A space-induced crisis is recognized as the cause of trouble that Moore’s Law is currently facing. The contemporary practice of this empirical law is considered as happening within a space-dominant paradigm. An alternative of exploiting potential in the dimension of time is identified as an emerging paradigm in microelectronics. The new practice is termed a time-oriented paradigm. It is justified as the turn of Moore’s Law from space to time. The resultant Time-Moore strategy is envisioned as the next-generation enabler for continuing Moore’s Law’s pursuit of everhigher information processing power and efficiency. It also serves as the perpetuation of the spirit that Moore’s law is nothing but a collective storied history of innovations. In the first part of this tutorial, by following Thomas Kuhn’s seminal work around the concepts of paradigm and scientific revolution, the argument for the Time-Moore strategy (Time-Moore: to use time more) and the paradigm shift from space to time is carried out through philosophical persuasion rather than technical proof due to the difficult challenge of change-of-mindset. The second part provides solid technical materials for supporting this transition from the old paradigm to the new one. The goal of this tutorial is to reevaluate the contemporary practice of microelectronics, identify the cause of the current crisis, advocate a change-of-mindset to circumvent the crisis, and ultimately point out a new route for advancing. After achieving so many unprecedented accomplishments through several decades of relentless endeavor, it’s time for the big ship of Moore’s Law to make a turn.

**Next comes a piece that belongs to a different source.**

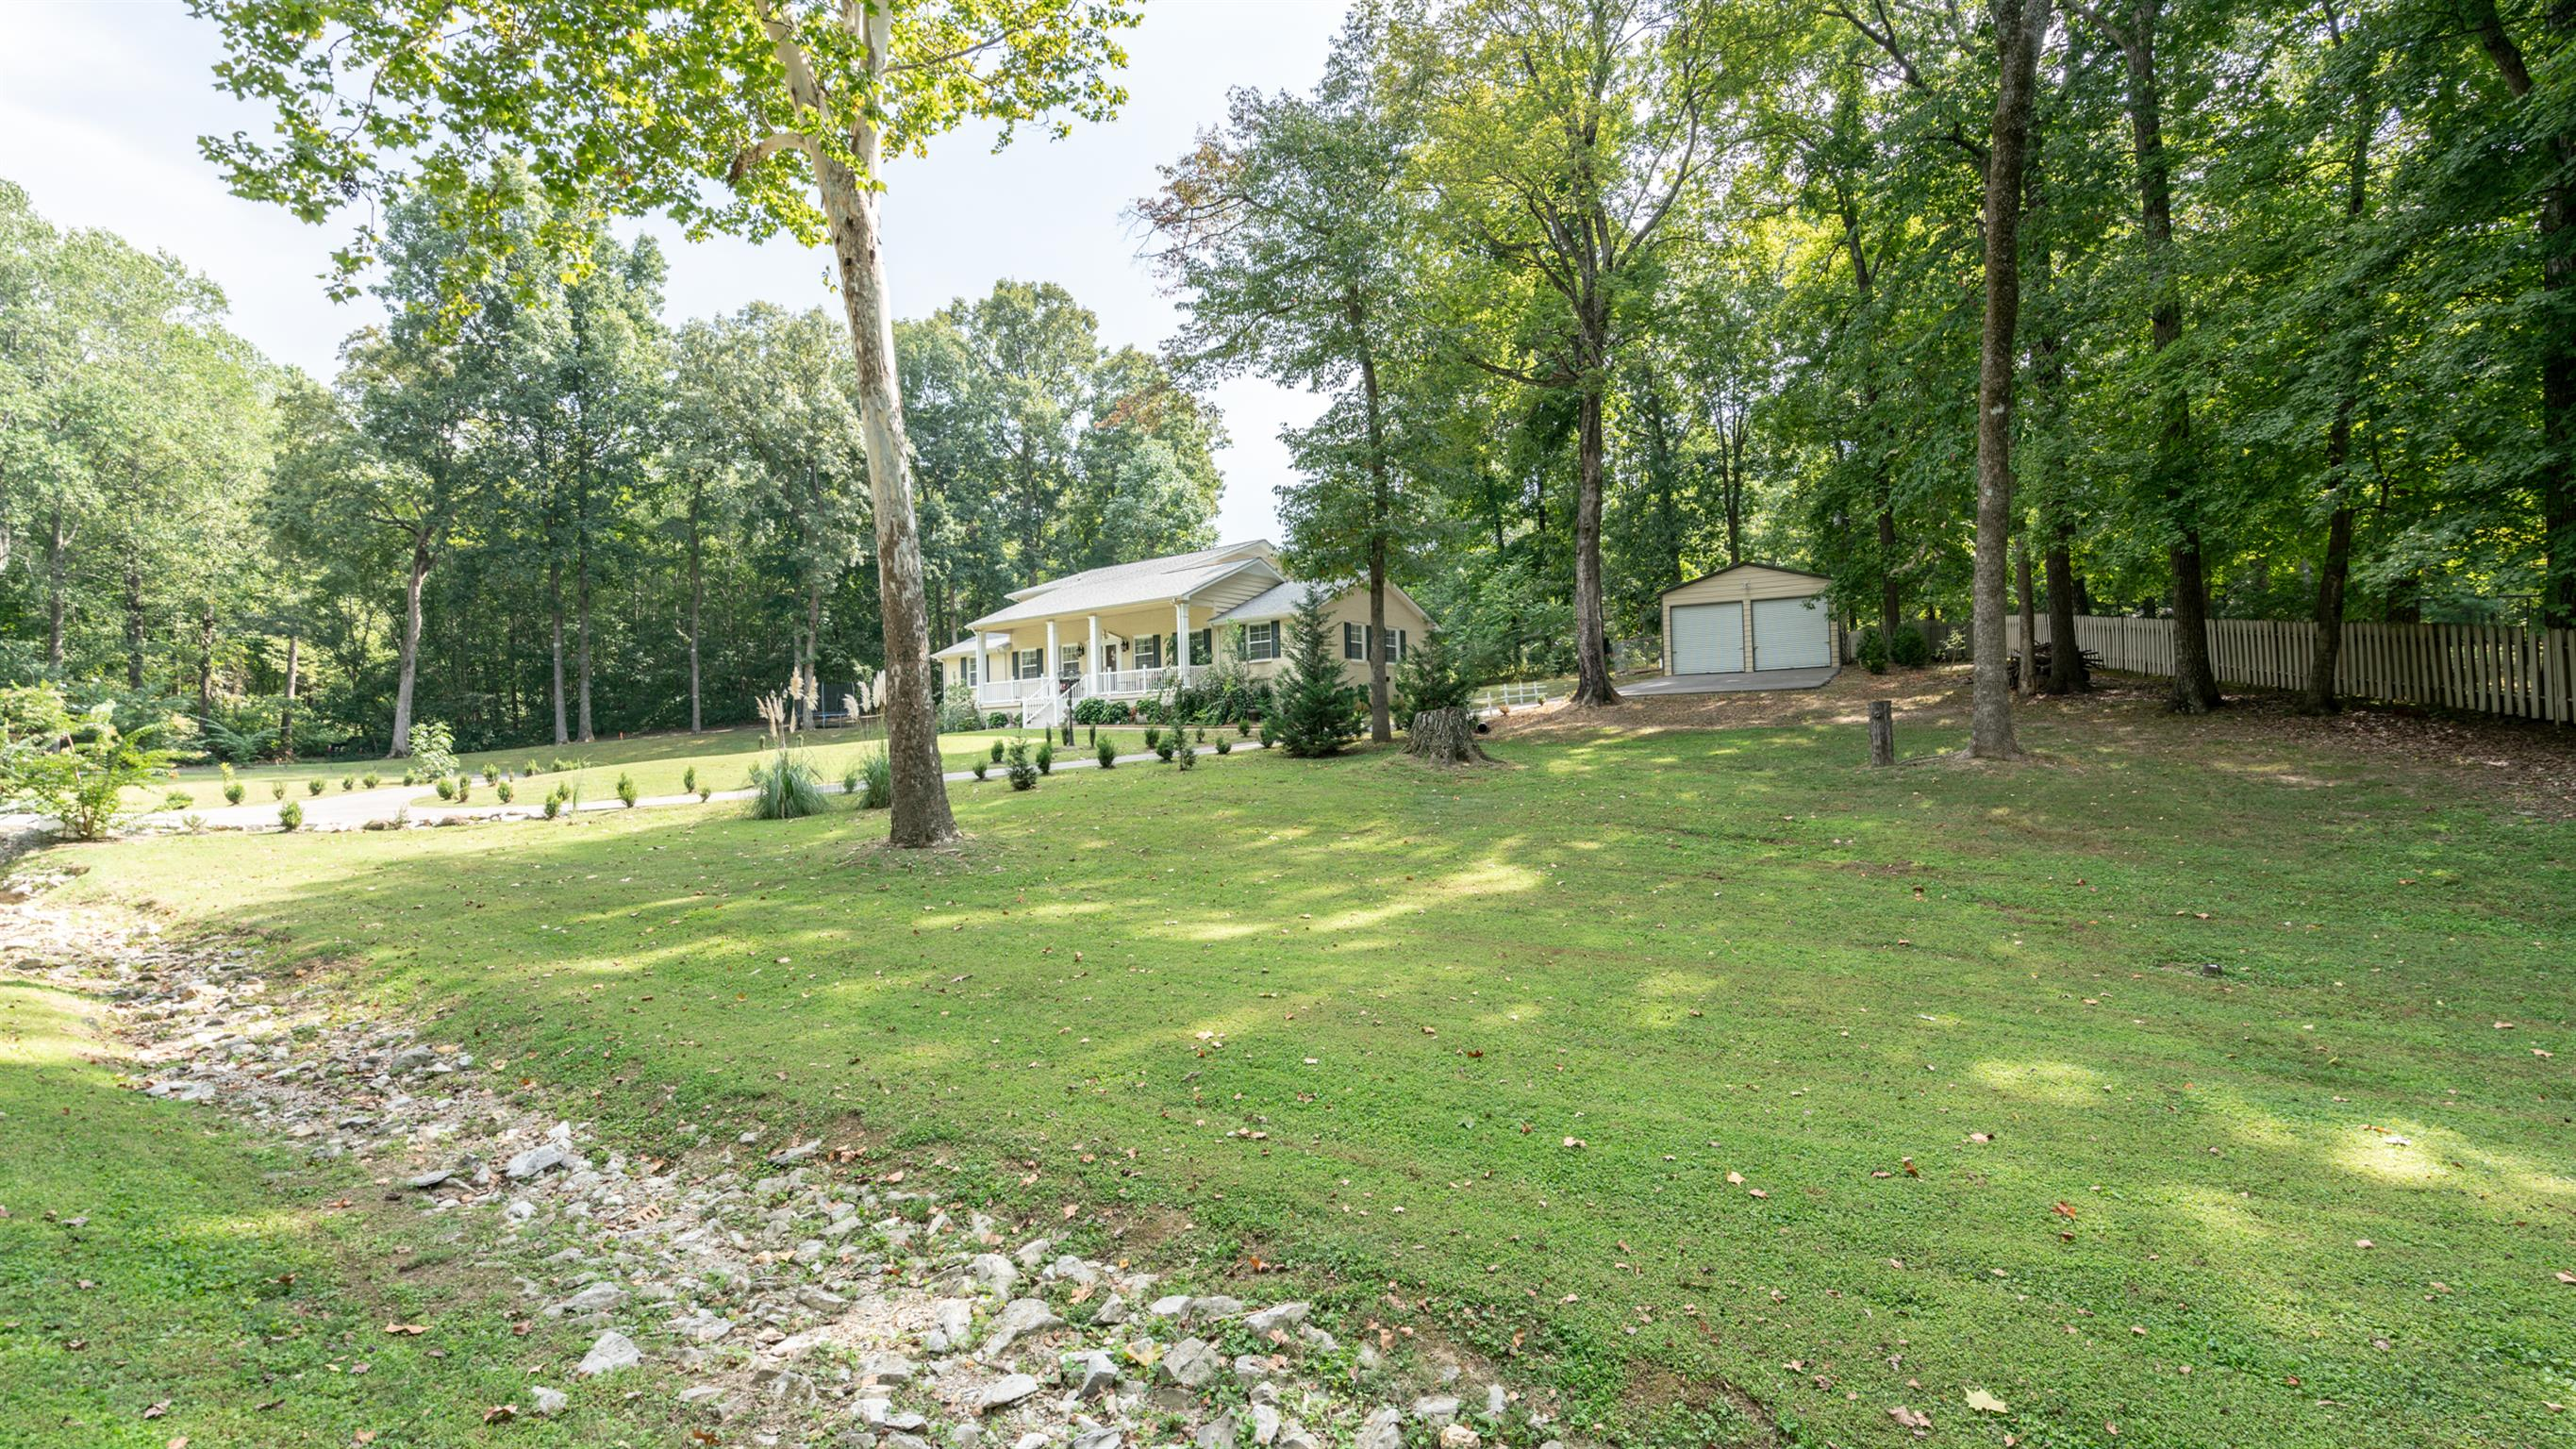 307 Crestview Dr, Dickson, TN 37055 - Dickson, TN real estate listing

[Short Tutorial 2] 12:40~13:20
Designing Efficient Deep Neural Network Training Processor
2009, B.S. in electrical engineering, Seoul National University
2014, Ph.D. in electrical engineering, University of Michigan, Ann Arbor
2014 – 2015, Postdoctoral Associate, MIT
2016 – Present, Assistant/Associate Professor, Seoul National University
Deep learning algorithms gathered serious attention due to their outstanding performance in various tasks. Their application areas are fast expanding from computer vision and speech recognition to multi-modal understanding. While power-saving techniques such as quantization, network compression, and pruning have been successfully adopted in pre-trained models, they often become next to useless when applied to the training process. This talk will discuss various algorithmic and hardware optimization techniques enabling energy-efficient training processors.